Modified version of rugby

Physical disability rugby league is a modified version of rugby league football catered to suit people of various physical disabilities.

==History==
Physical disability rugby league was created by the NSW Physical Disability Rugby League and founded by George Tonna in 2010.

The PDRLNZ of New Zealand was founded in 2015.

The first international PDRL matches were played in 2018. Australia, New Zealand, and the Commonwealth All Stars competed as part of the 2018 Commonwealth Games exhibition tournament in February 2018. Australia and New Zealand played a three-match series in October 2018, alongside the 2018 Emerging Nations Tournament.

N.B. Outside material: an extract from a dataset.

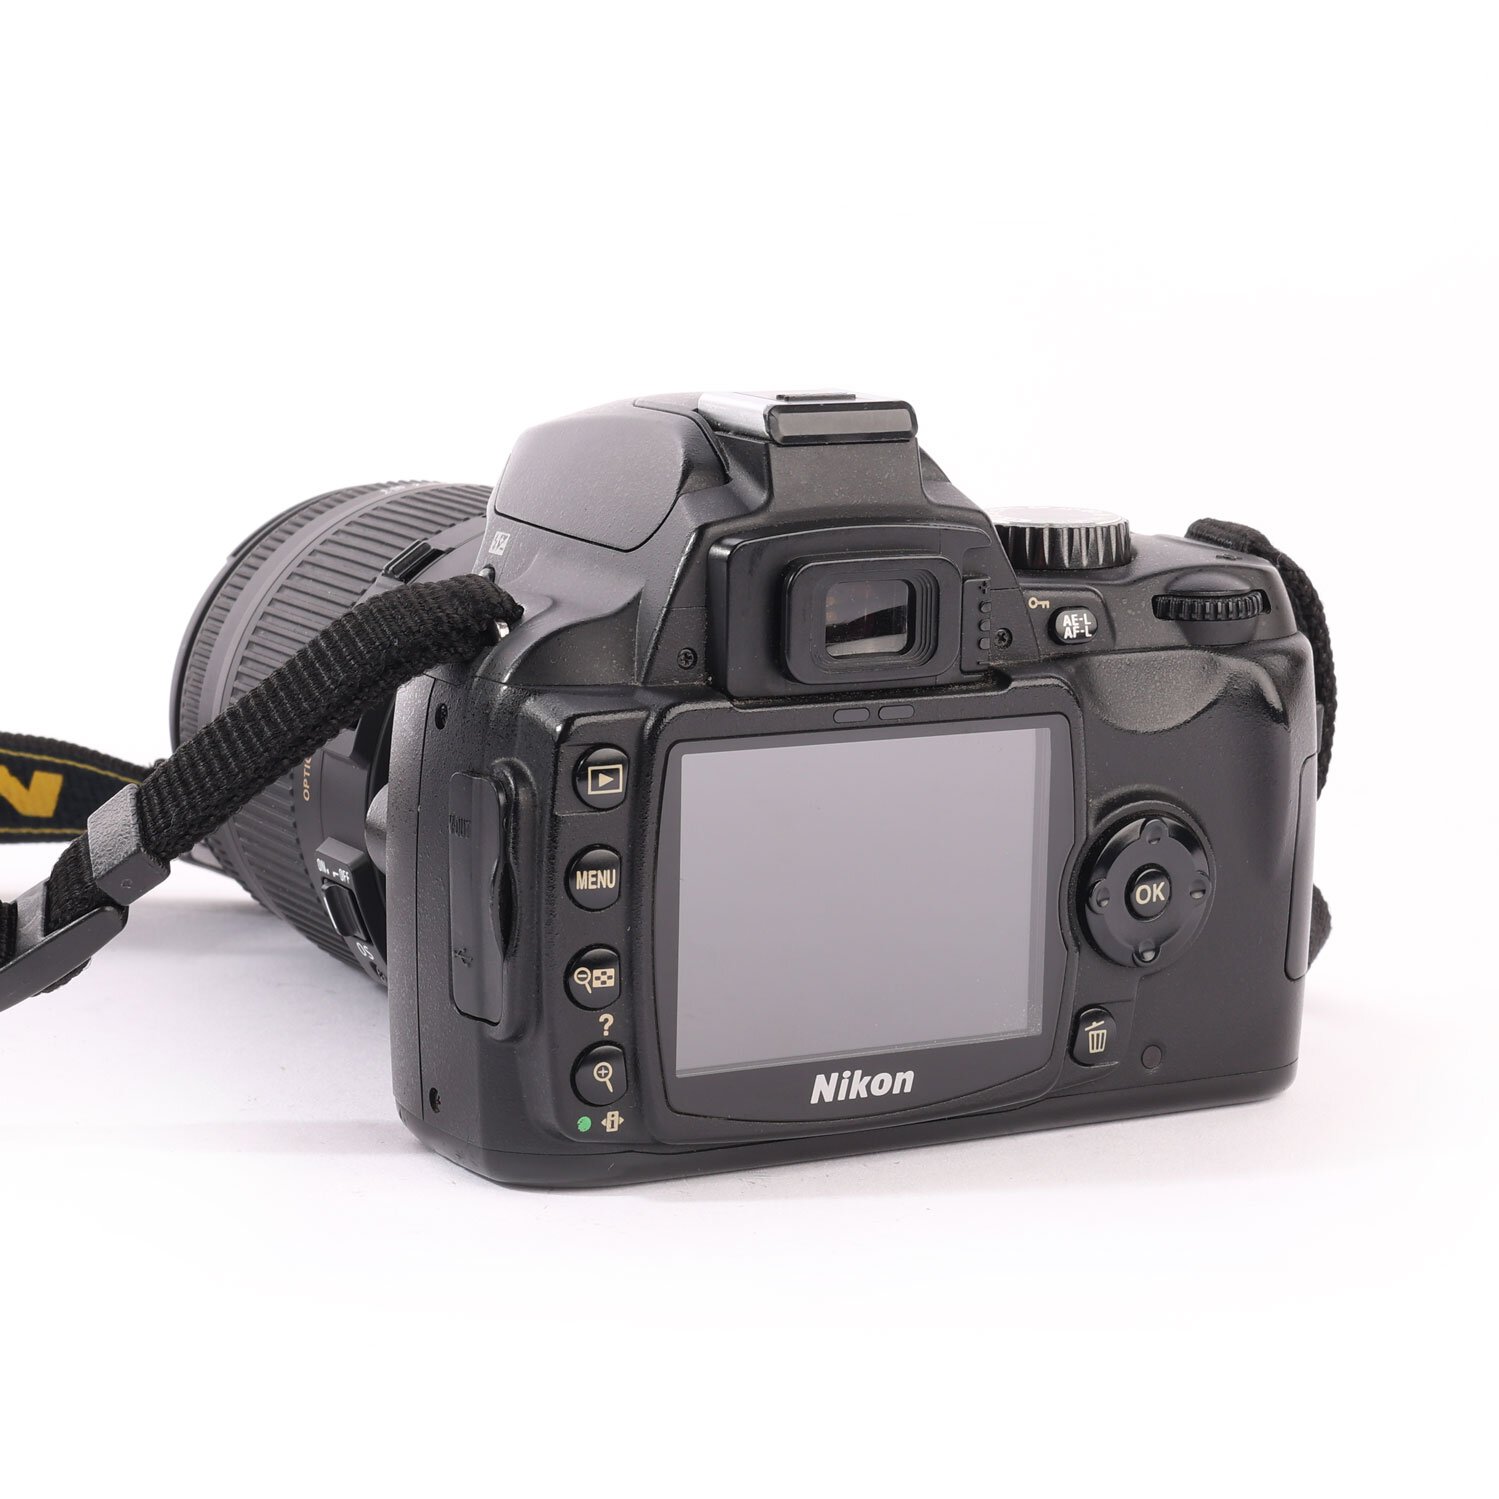 Nikon D60 - Sigma DC 18-250mm 1:3.5-6.3 MACRO HSM

PDRL was first played in England in February 2018 with a match between the Warrington Wolves and the Leeds Rhinos, the latter winning 22–10. In August 2018, Warrington defeated the South Sydney Rabbitohs 34–12 at ANZ Stadium in Sydney. In 2019, a 6-team tournament was established in England, which Warrington won.

The inaugural PDRL World Cup took place in Warrington from 23 to 30 October 2022 as a showpiece event alongside the 2021 Rugby League World Cup, and consisted of squads from Australia, England, New Zealand, and Wales, with the team from England proving victorious. Comedian Adam Hills took part of Australia's squad for the tournament, as well as being a spokesperson for the event.

==Rule variations==
Physical disability rugby league is played with the following variations from the standard laws of rugby league, according to the NSW Physical Disability Rugby League:
- Each match consists of two 20-minute halves
- Each team consists of 9 players
- Scrums are replaced by play-the-ball change-overs
- Players wear either black or red shorts, depending on their physical disability
- Red short players play touch football rules when "tackling" or being "tackled"
- Black short players play with full-contact
- 2 players without physical disabilities are permitted per team, but can not score tries, kick goals, or kick in general play
- Offside works in a similar way to normal rugby league gameplay
- Teams are open to male and female players

===World Cup rules===
The rules used during the 2021 World Cup differed from those given above.
- Each match had two 25-minute halves.
- Each team had 11 players.
- Players underwent a classification process and wore coloured socks based on their level of impairment. Players were classified as A (purple), B (pink) or C (blue) based on factors such as impaired muscle power and limb deficiency and teams were restricted in the number of on-field players in each of these classes with a maximum of three A's and a minimum of three C's. The socks were in addition to the wearing of red shorts to signify players who could not be tackled.